Figure 15.17 shows you a MEP configuration using a fully overlapping VPN domain.

Figure 15.17: Fully Overlapping VPN Domain

The first step is to define these networks for use within your rule base. By selecting Manage | Network Objects | New | Network from the Policy Editor, you'll be able to create the networks representing your VPN domain. You'll also need to create the workstation objects representing the gateways that you'll be using. After you have done that, you have to place them all into a group. Select Manage | Network Objects | New | Group | Simple Group from the Policy Manager menu, and create a group like the one shown in Figure 15.18.
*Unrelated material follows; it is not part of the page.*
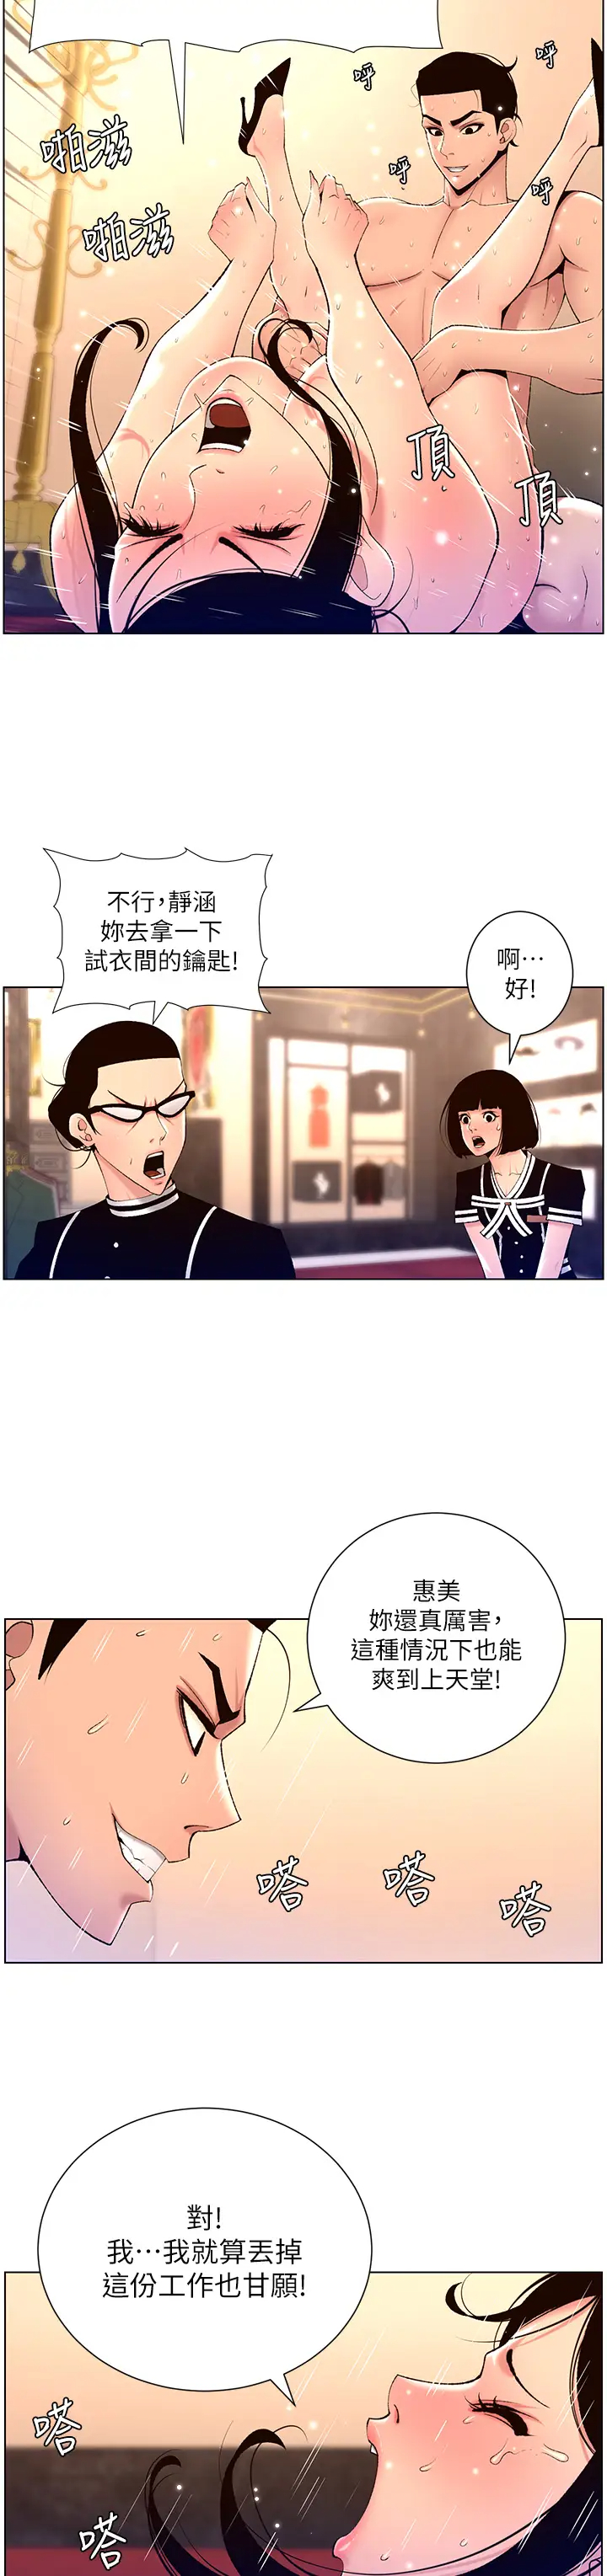 韩国污漫画 帝王App 第27话 让正妹柜姊爽到上天堂 9

Figure 15.18: Overlapping VPN Domain Group

Next, you have to configure this new VPN domain on all of the firewalls that are participating within the configuration, and that's it. Shown in Figure 15.19 is what the Topology panel will look like. Note the Manually Defined VPN domain.

Figure 15.19: Overlapping VPN Domain

You also must use some means of avoiding the problem of asymmetric routing. Again, a popular choice is the use of IP pools. You'll also need to make sure that the routing within your network is properly configured to handle passing the traffic back to the network associated with the IP pool network. To associate an IP pool with the gateway, you first must define an address range that will be used as the pool. After you do that, access the Workstation Properties and select the NAT panel. Place a checkmark in the box marked Use IP Pool NAT for SecuRemote and VPN connections, select the previously defined address range object, and you're ready to go. Figure 15.20 shows you this final configuration panel.

Figure 15.20: Using IP Pools

When your SecuRemote clients attempt to initiate a connection, the first gateway to respond will be selected. This is a pretty simple method and is one of the reasons that this configuration is so straightforward.